In my previous post, Criteria for Evaluating Social Bookmarking Tools, I talked about some of the key features and usability issues I take into consideration when evaluating web-based bookmarking tools. So, which site do I recommend to faculty? That all depends on their needs and level of tech-savvy.
Recommended Tool for Novices: del.icio.us
At the moment, I recommend del.icio.us to novice faculty who I know will view web-based bookmark management as a big leap into the future. It has a pretty small feature set and the most frequently used options are right where you’d expect them to be.
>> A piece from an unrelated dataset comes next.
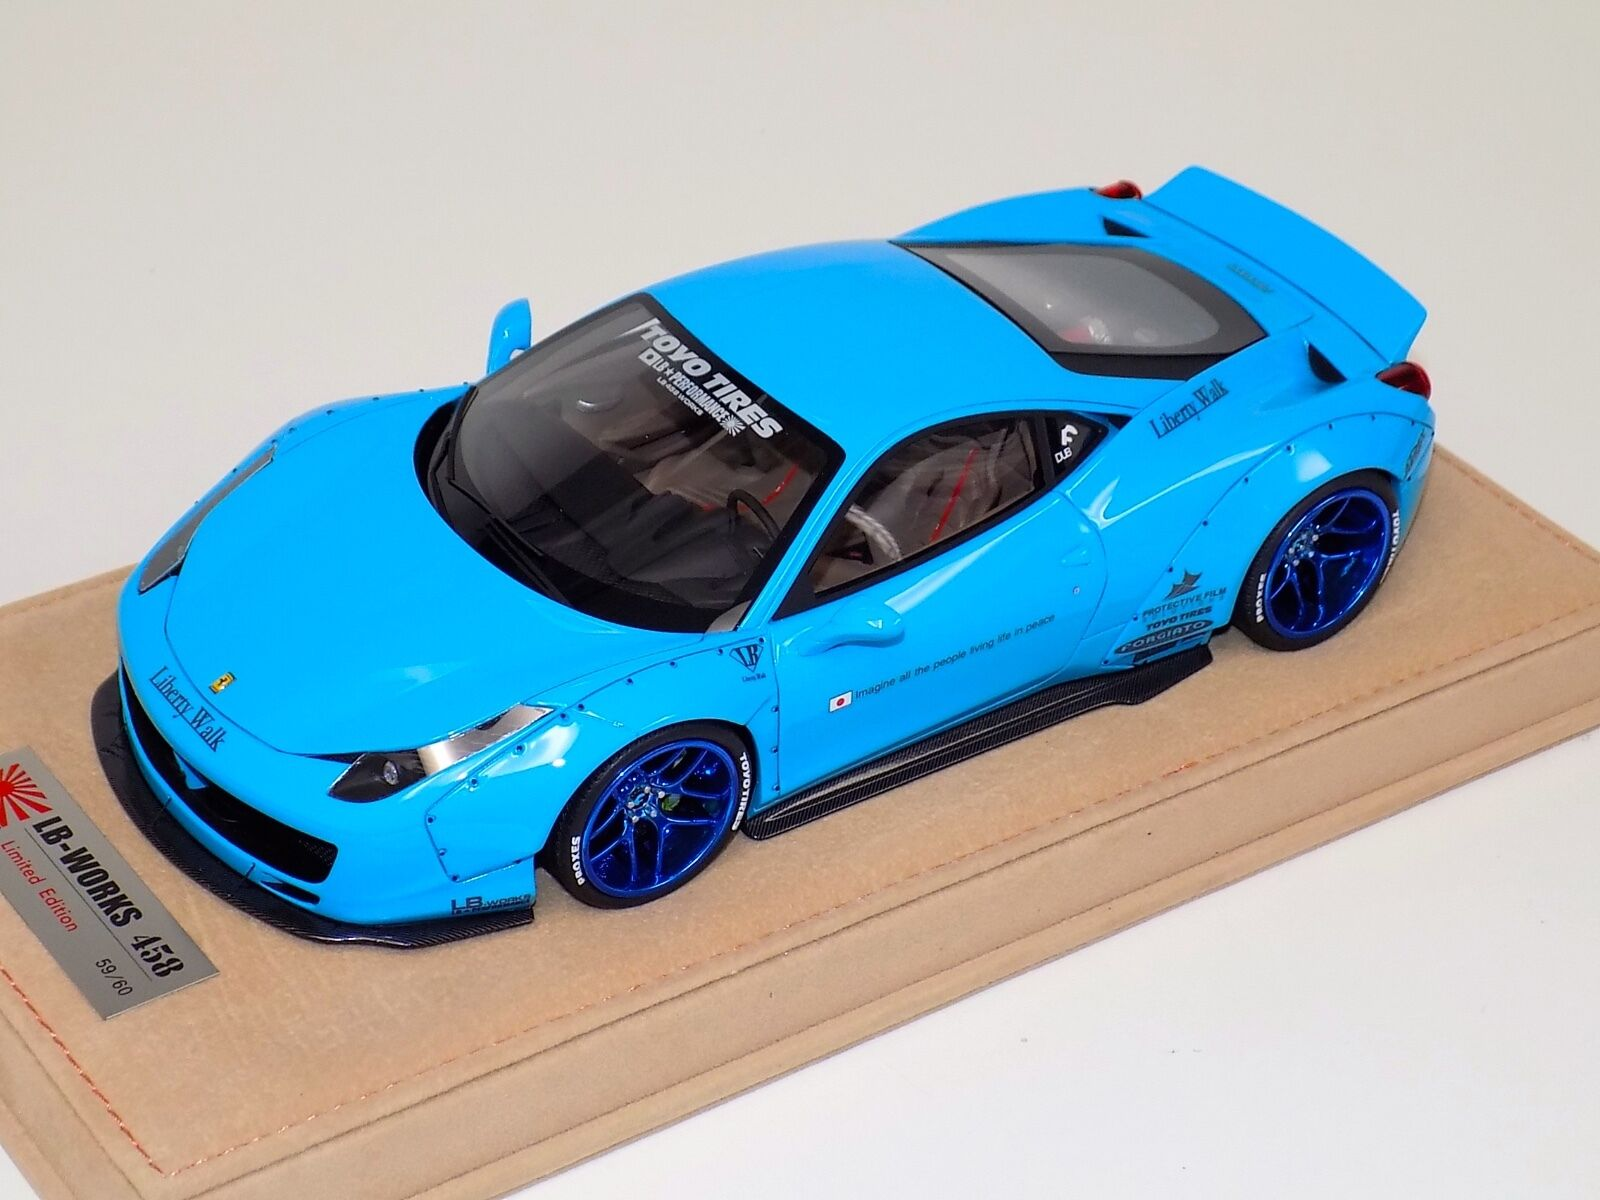 1 18 Ferrari 458 Liberty Walk LB Performance Baby bluee , bluee Wheels N BBR or MR

Recommended Tool for More Demanding Users: Furl
For more adept users, I sometimes recommend furl, although I’m not in love with it either. Furl offers three big advantages over del.icio.us:
- You can select multiple bookmarks at a time and perform major changes to all of them at once (change their tags, delete them, make them private or public, etc.) This makes managing a big batch of imported bookmarks MUCH easier.
- You can rate bookmarks with a simple five-star system.
- You can keep archived copies of the sites you bookmark, although I’ve found this feature always sounds better on paper. The first time you try accessing an archived version of a now defunct page with rich media content (Flash, video, or audio), the rich media will probably either be gone or it will be duplicated so that multiple copies of it are embedded on the same page.
Unfortunately, Furl doesn’t offer a groups feature, and neither does BlinkList or most of the other sites I’ve checked out. Keep in mind that I’m talking about groups you create and manage the way an instructor would want to, not “subscription” lists where you get to see every irrelevant link another member added recently or every new bookmark with a particular tag. I also don’t like that Furl doesn’t let you view your tags as a cloud or even as a simple list on the same screen where you view and manage your bookmarks. The Furl interface feels more like a traditional data-management tool than del.icio.us, with everything in neat little rows and columns. This might be comforting for technophobes, but it’s annoying for everyone else.
Recommended Tool for Feature-Hungry Technophiles: Diigo
Diigo has everything I’ve been looking for in a great social bookmarking/collaborative research tool—except ease of use. The tagging system is still buggy (renaming a tag or deleting it can lead to unexpected results), and the interface has some usability issues that I’ve already discussed with one of Diigo’s co-founders. For instance, tag clouds only display the first 18 characters or so of each tag, preferences on how to view your tags revert to default settings every time the page refreshes, etc. Unfortunately, Diigo is still too frustrating to use for me to recommend it to non-tech-savvy educators, but I hope its shortcomings will be resolved soon. If that happens, I’ll become a major Diigo evangelist. If not, I might have to embrace a more bare-bones bookmarking tool like Del.icio.us and search for a separate tool that just handles collaborative research well. Google Notebook is next on my list of tools to check out for that.